Padukasthan (Nepali: पादुकास्थान) is a Hindu religious site in Dailekh district of Karnali Province in Nepal. It is one of the five places under the Panchkoshi, the five holy places of Dailekh. This site is located at Dullu Municipality, former Padukasthan VDC. According to mythology, this place is named after Lord Shiva's wife, Satidevi's decayed feet; "Paduka" meaning feet and "sthan" meaning the place.

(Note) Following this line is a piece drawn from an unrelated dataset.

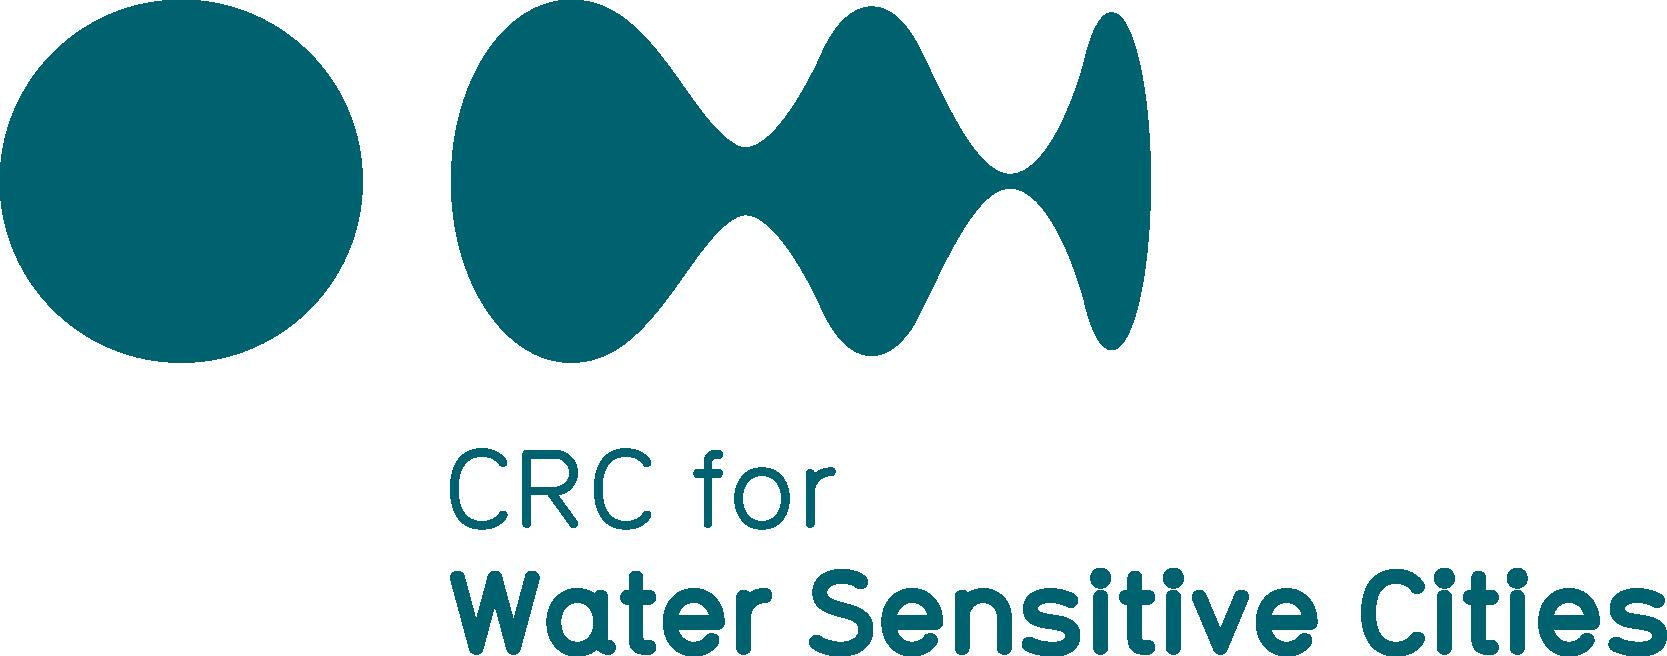 CRC-WSC_logo_compact

Even the inscription of the feet of Lord Bisnu was found here, so this place is also called as Bishnu Padukasthan. Previously, as Shirsthan and Nabhisthan, there used to be flame over water. However, a flame house is located here. On 2028 BS, a flood on Paduka bridge vandalized flame. On the bank, all the inscriptions, Statues, Pillars and other historical ruins. Some believe, this place has a source of Kerosene. Yogi Naraharinath published in his studies that there were more than 108 values.

== Temple area ==
The background occupies Shiva, Bhairav, Gorakhnath, Buddha, Jain, Lakshminarayan, Ganesha, Machindranath, Shivaling are vandalized and unfulfilled. On the Naval of flame house there is auto flame. This area covers a worn hospice. Nearby it there is a tree of antique bead Rudraksha. Padukasthan is a wide library for the studies of early Khas Empire. Stone inscriptions of Shak Sambat 1136 and 1162 could be found here. Deval pillars of Khas king Sawn Karki Sauka Kakaryani written are located here.

== Major Festivals ==
In this temple the pilgrims and saints over here makes regular worship. On the first Tuesday of Jestha month and Bijayadashmi bhairaj is enlightened by holy flame lamp. Rice pudding (khir) is offered during Shrawan month to Lord Shiva. Similarly, on the day of Ghatasthapana, the first day of Dashain, holy flame is lightened to produce holy smoke. Every year, a new chariot is replaced during Maghe Purnima.

This place is highly dedicated for Shivaratri. At 2043 BS, this place was vandalized, as reconstructed in 2045. Again with the help of former Dailekh DDC, all the historical structures were rebuilt.